El camión grúa frenó al aproximarse al Mercedes. Bosch levantó la cabeza desde la parte trasera, donde estaba sentado a la sombra de la puerta y leyendo el Daily News. Hizo una seña al conductor de la grúa con el periódico y se levantó. El vehículo pasó de largo, se detuvo en el arcén delante del Mercedes y retrocedió hasta pararse a un metro y medio de este. El conductor salió. Era Roland Mackey.
Mackey llevaba guantes de cuero que presentaban manchas oscuras de grasa en las palmas. Sin saludar a Bosch, rodeó la parte delantera del Mercedes para examinar la rueda pinchada. Cuando Bosch llegó, todavía con el periódico en la mano, Mackey se agachó y miró la válvula de la rueda. Se estiró hacia ella y la dobló adelante y atrás, exponiendo el tajo.
—Casi parece que la hayan cortado —dijo Mackey.
—Quizás había cristal en la carretera —propuso Bosch.
—Y no tiene recambio. Menuda putada.
Miró a Bosch, entornando los ojos a la luz del sol que estaba empezando a caer detrás de Bosch.
—Y que lo diga.
—Bueno, puedo remolcarle y pedirle a mi socio que le ponga una válvula nueva en el neumático. Tardaremos quince minutos una vez que lleguemos al garaje.
—Bueno, hágalo.
—¿Será a cuenta de AAA o seguro?
—No, en efectivo.
Mackey le dijo que le costaría ochenta y cinco dólares por el enganche del vehículo más dos dólares por cada kilómetro de arrastre. El importe del cambio de la válvula sería de otros veinticinco más el coste de la válvula.
—Bueno, hágalo —repitió Bosch.
Mackey se levantó y miró a Bosch. Dio la sensación de fijarse directamente en el cuello de Harry antes de apartar la mirada. No dijo nada de los tatuajes.
—Debería, cerrar la parte de atrás —dijo en cambio—, a no ser que quiera perderlo todo por el camino.
Sonrió. Un poco de sentido del humor de grúa.
—Cojo la camisa y la cierro —dijo Bosch—. ¿Le importa que vaya con usted?
—A no ser que quiera llamar un taxi y viajar con estilo.
—Prefiero viajar con alguien que hable inglés.
Mackey prorrumpió en una carcajada mientras Bosch iba a la parte posterior de su coche.
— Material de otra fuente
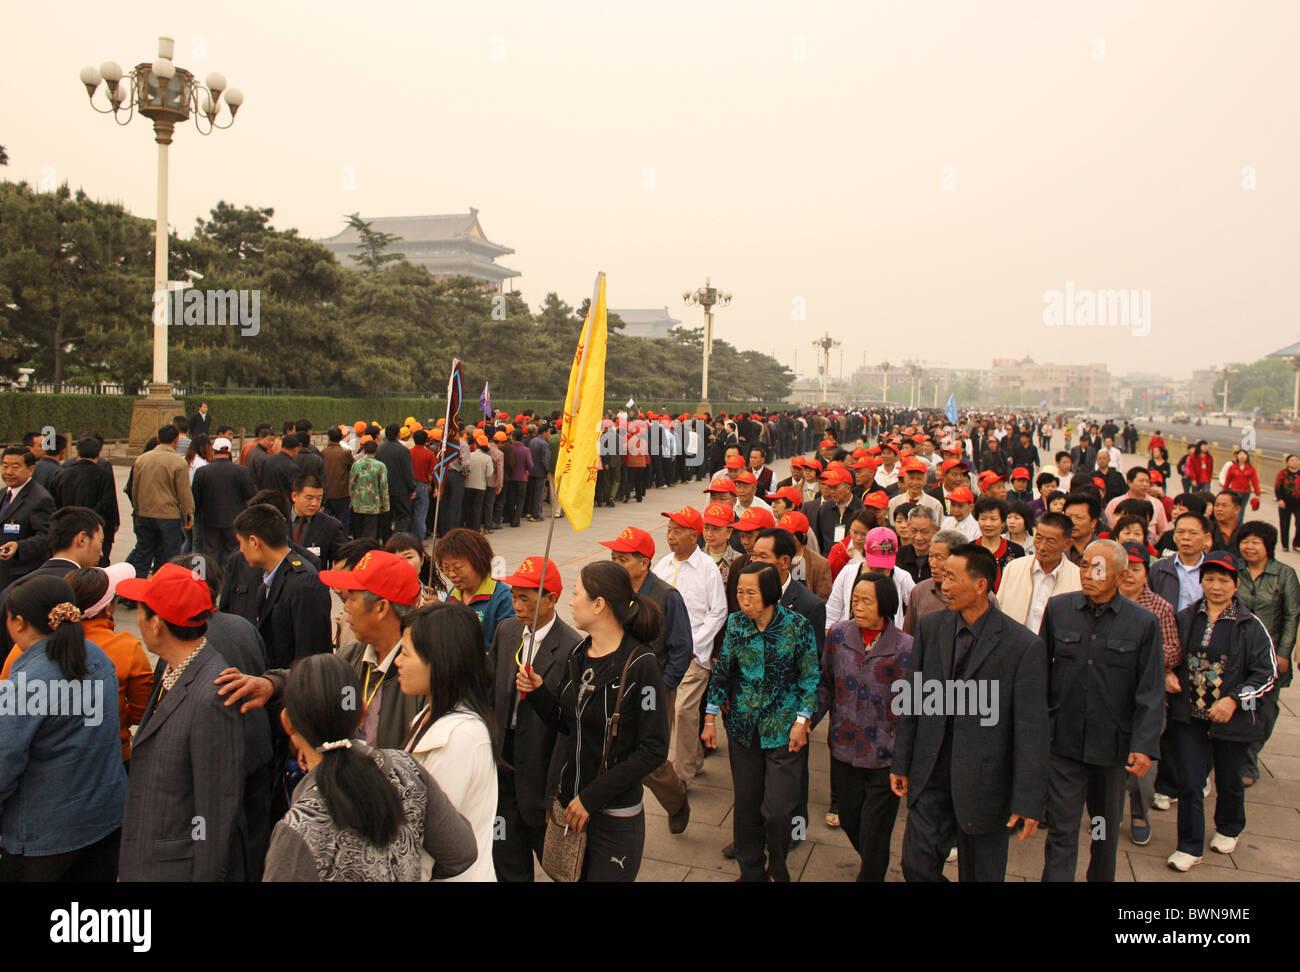 China Asia Peking Beijing Beijing Tian'anmen April 2008 Tiananmen Gate party group parties groups Chinese - Stock Image

Bosch se apartó entonces para dejar que Mackey llevara a cabo las maniobras de enganchar el vehículo al camión grúa. Tardó menos de diez minutos en colocarse al lado de su camión, apretando una palanca que elevó la parte delantera del Mercedes en el aire. Cuando estuvo a la altura correcta para Mackey, este comprobó las cadenas y los arneses y le dijo a Bosch que estaba listo para partir. Bosch entró en la cabina del camión grúa con la camisa echada sobre el brazo y el periódico doblado en la mano. Los pliegues del periódico dejaban a la vista la foto de Rebecca Verloren.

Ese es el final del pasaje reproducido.